# smb secure?



## Morgiee101 (Jun 30, 2008)

Hi all i was not sure which section to put this so if its in the wrong one i do apologise. I have just successfully setup a samba server from my raspberry pi and now everyone in my family can access my external hdd to view and retrieve family photos and family holiday videos through a smb client on their android, mobile and windows pc that are on the same newtork. However im unsure of the security of it this is what i have set in place as far as security:

Raspberry pi has a username and password to be able to login to the weezey desktop screen.

The smb server has a username and password (everyone i allow is accessing the server via the same login details)

All mobile device have mcafee livesafe installed on them. 

The wireless network connection has a password (in order for them to access my internet connection) 

The router has a password set on the router settings so a password is needed to access the admin settings on the router or to do admin changes.

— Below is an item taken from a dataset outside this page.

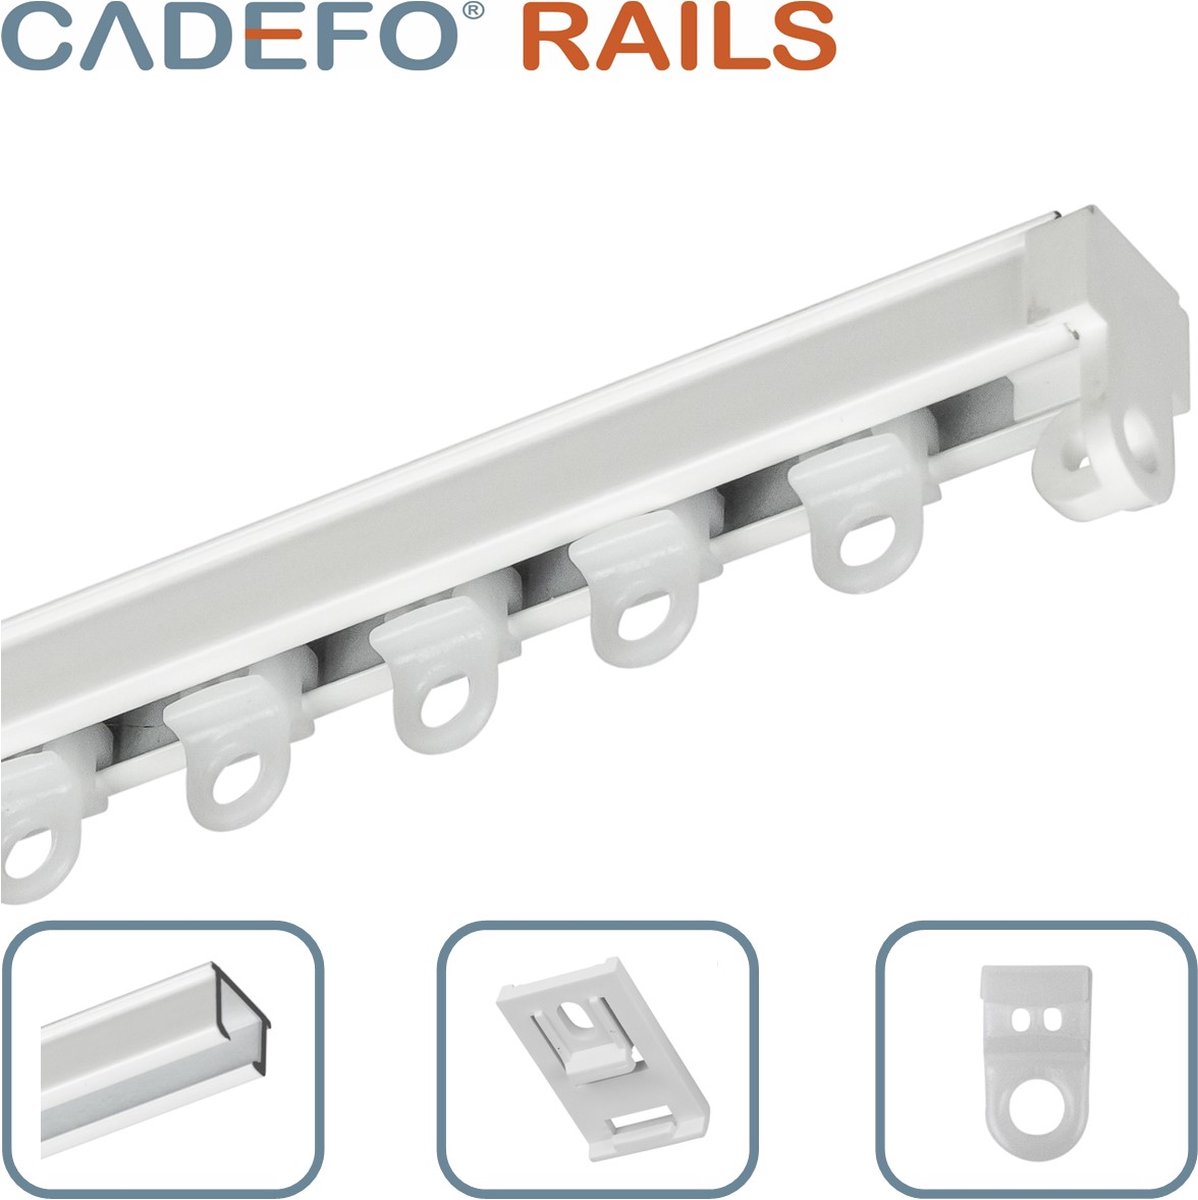 CADEFO RAILS (401 - 450 cm) Gordijnrails - Compleet op maat! - UIT 1 STUK - Leverbaar tot 6 meter - Plafondbevestiging - Lengte 431 cm

So is this secure enough say from someone outside trying to login and accessing my server? If so great if not what extra security measures can i do to prevent. 


Many Thanks for your time


----------



## Warlord711 (Apr 26, 2014)

As long as you dont have any port forwarding rule for SMB on your router, its nearly impossible to gain access to your SMB server behind that router.


----------



## Morgiee101 (Jun 30, 2008)

Thanks for your reply, how would i find this out if i have got a forward port to smb or not? Thanks


----------



## Warlord711 (Apr 26, 2014)

You can check your router settings, there should be some options for port forwarding.

On the other hand, you can use a service like Open Port Check Tool - Test Port Forwarding on Your Router to test if your SMB service is accessable from the internet.

Just choose the port you want to check, SMB is 445.


----------



## Morgiee101 (Jun 30, 2008)

Thanks for this it says port 445 is closed so that mean its secure? Thanks again for your help


----------